Neural Program Synthesis with Priority Queue Training
Daniel A. Abolafia, Mohammad Norouzi, Jonathan Shen, Rui Zhao, Quoc V. Le
TL;DR
The paper tackles reward-based automatic program synthesis using an RNN generator trained under two schemes: policy gradient (REINFORCE) and Priority Queue Training (PQT), where a top-$K$ buffer of best programs guides learning. PQT, optionally combined with PG, outperforms a genetic algorithm and vanilla PG on BF language tasks, and the authors show that adding a program length penalty yields shorter, human-readable solutions. The BF benchmark, with its simple syntax and Turing-completeness, serves to demonstrate a stable, scalable approach that can bootstrap exploration from scratch via the top-$K$ buffer.
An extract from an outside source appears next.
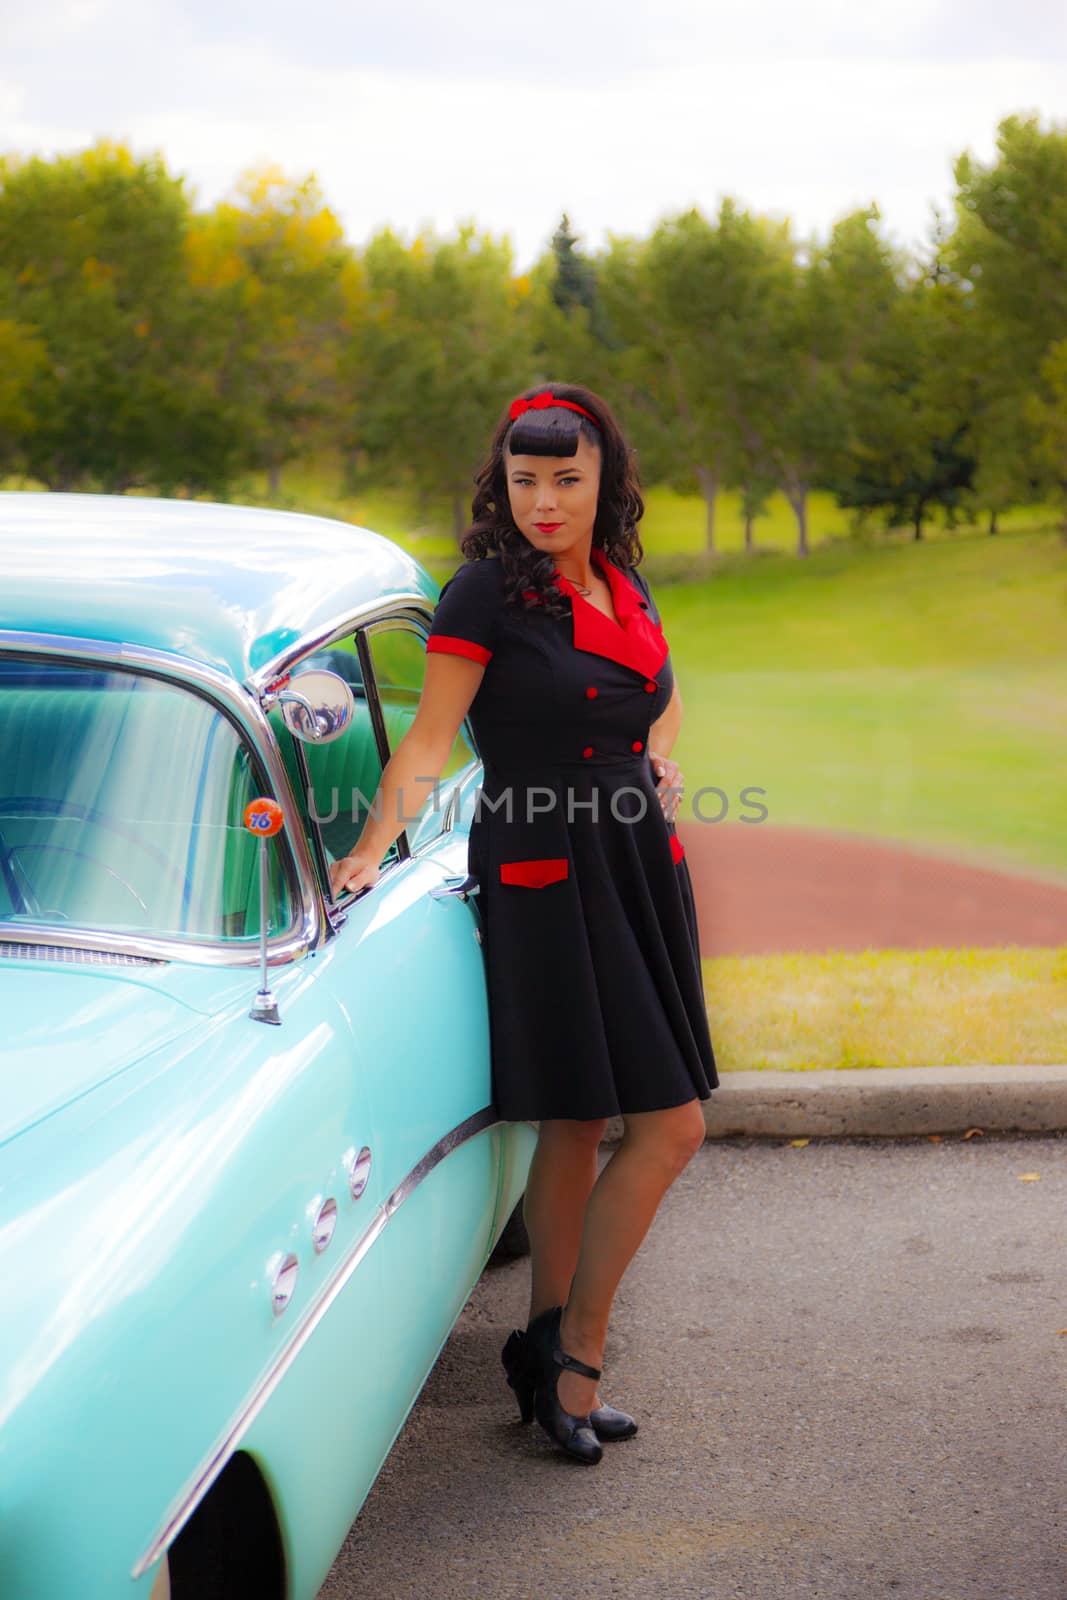 Pin Up Girls with Great Cars by Imagecom

These findings suggest that a compact, off-policy training regime with a small priority queue can effectively drive neural program synthesis, offering a basis for transfer learning in expressive programming environments.
Abstract
We consider the task of program synthesis in the presence of a reward function over the output of programs, where the goal is to find programs with maximal rewards. We employ an iterative optimization scheme, where we train an RNN on a dataset of K best programs from a priority queue of the generated programs so far. Then, we synthesize new programs and add them to the priority queue by sampling from the RNN. We benchmark our algorithm, called priority queue training (or PQT), against genetic algorithm and reinforcement learning baselines on a simple but expressive Turing complete programming language called BF. Our experimental results show that our simple PQT algorithm significantly outperforms the baselines. By adding a program length penalty to the reward function, we are able to synthesize short, human readable programs.